Random Musing
Well... I haven't been here for a while.
Hopefully no one ever come here anymore so that i can type and not one will read what i type. you'll be tinking why then i have blog. Might as well just write a journal. But the thing is: without the publish button. I would simply delete what i have written because i know that i would nv have the courage to voice my thoughts and opinions out loud anymore.
Well This week is the start of school and the start of many things. There's just so much to do and so many things that be changed. Over the holidays, i set out to change myself. and now i see that i'm somewhat different no simply the hair but also other things as well.
One, i beginning to voice out more.

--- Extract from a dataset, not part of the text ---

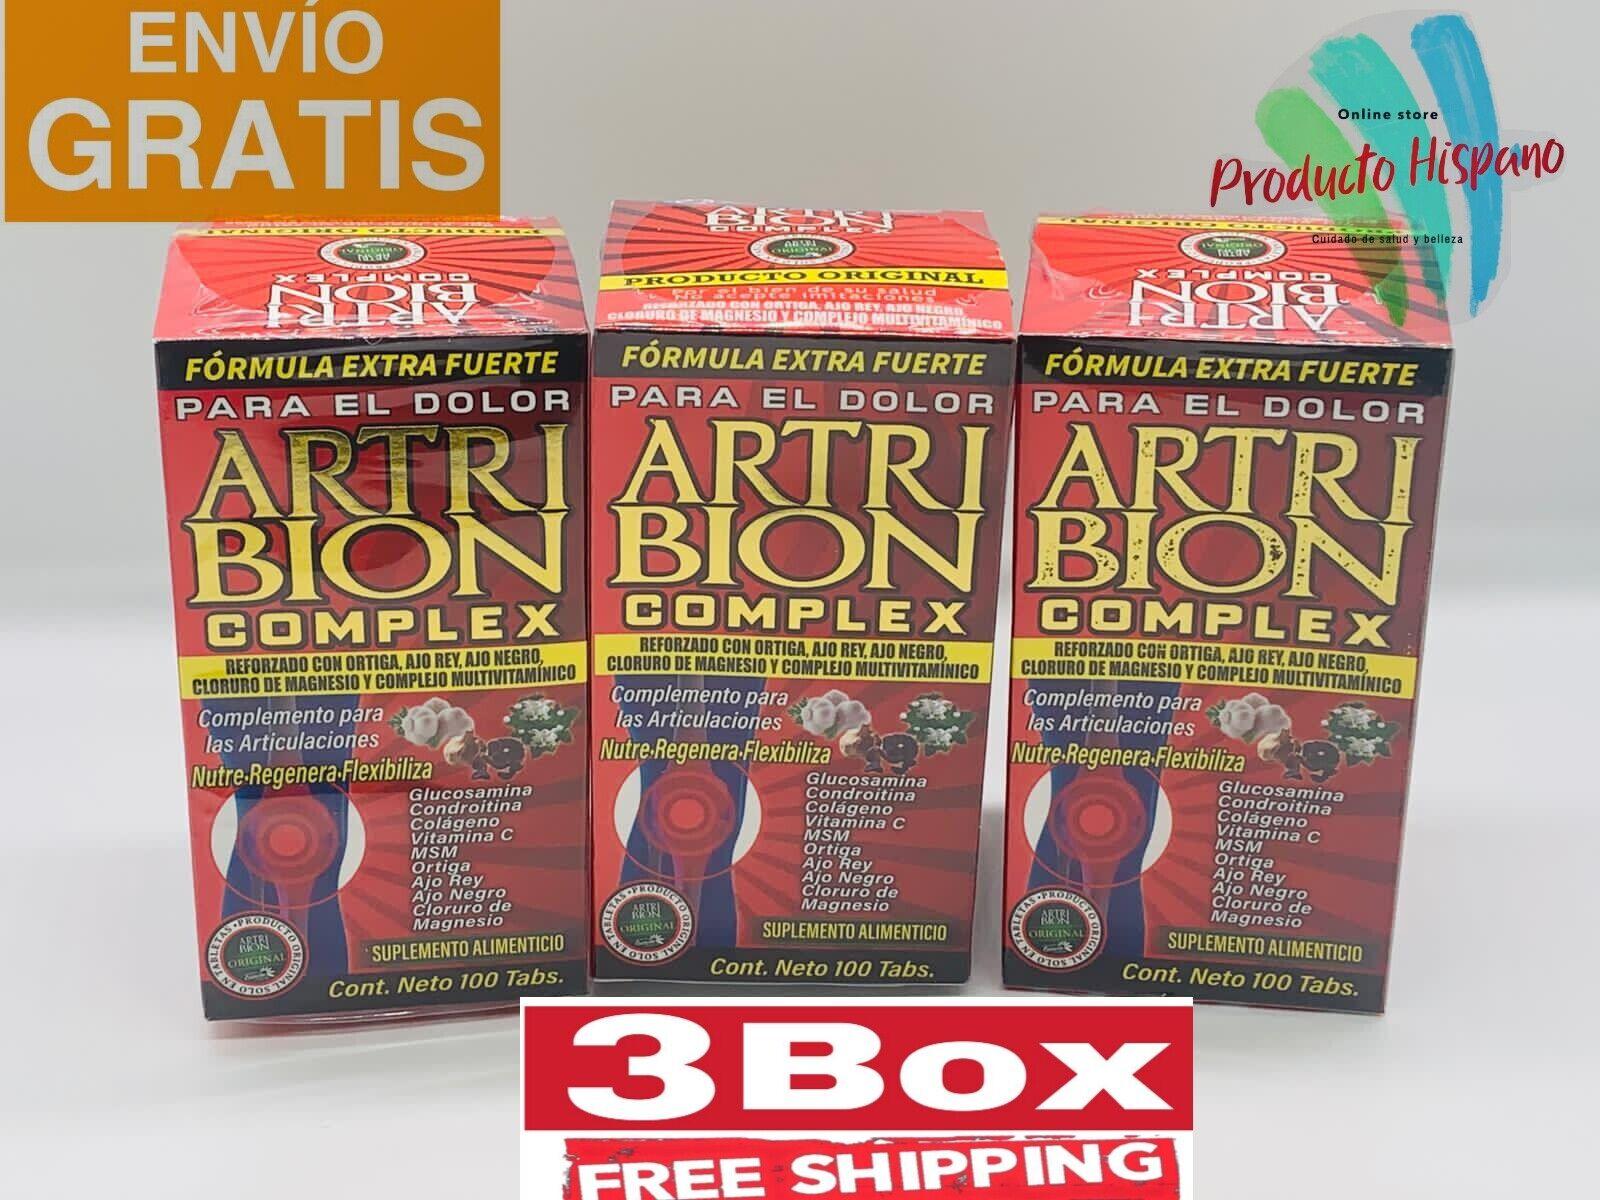 3 BOX ARTRIBION VITAMINADO COMPLEX 300 TABS

But i guess i'm still not speaking my true opinions. There's still many to offload before i can truly be an honest person. All i can be now is a person with glib tongue here and there. Well, there's still many ppl who treat me as a child. I guess i do still pass off that image but it's not because i want to stay young but simply because being old is just too tiring and there's too much resposnsibility to bear. If there was a way to maintain my youthfulness and face these challenge head on, den i'll just have to have a little more faith in GOD.
You know what does FIDES means. Apparently it means Faith/ Trust in Latin. During a retreat over the holidays, i took home with me two important lessons. First, was discernment and making the more loving decisions. Second, that first comes trust then comes love. The second is currently just a hypothesis. I really do hope that if i continue to believe in him, my answer will be answered.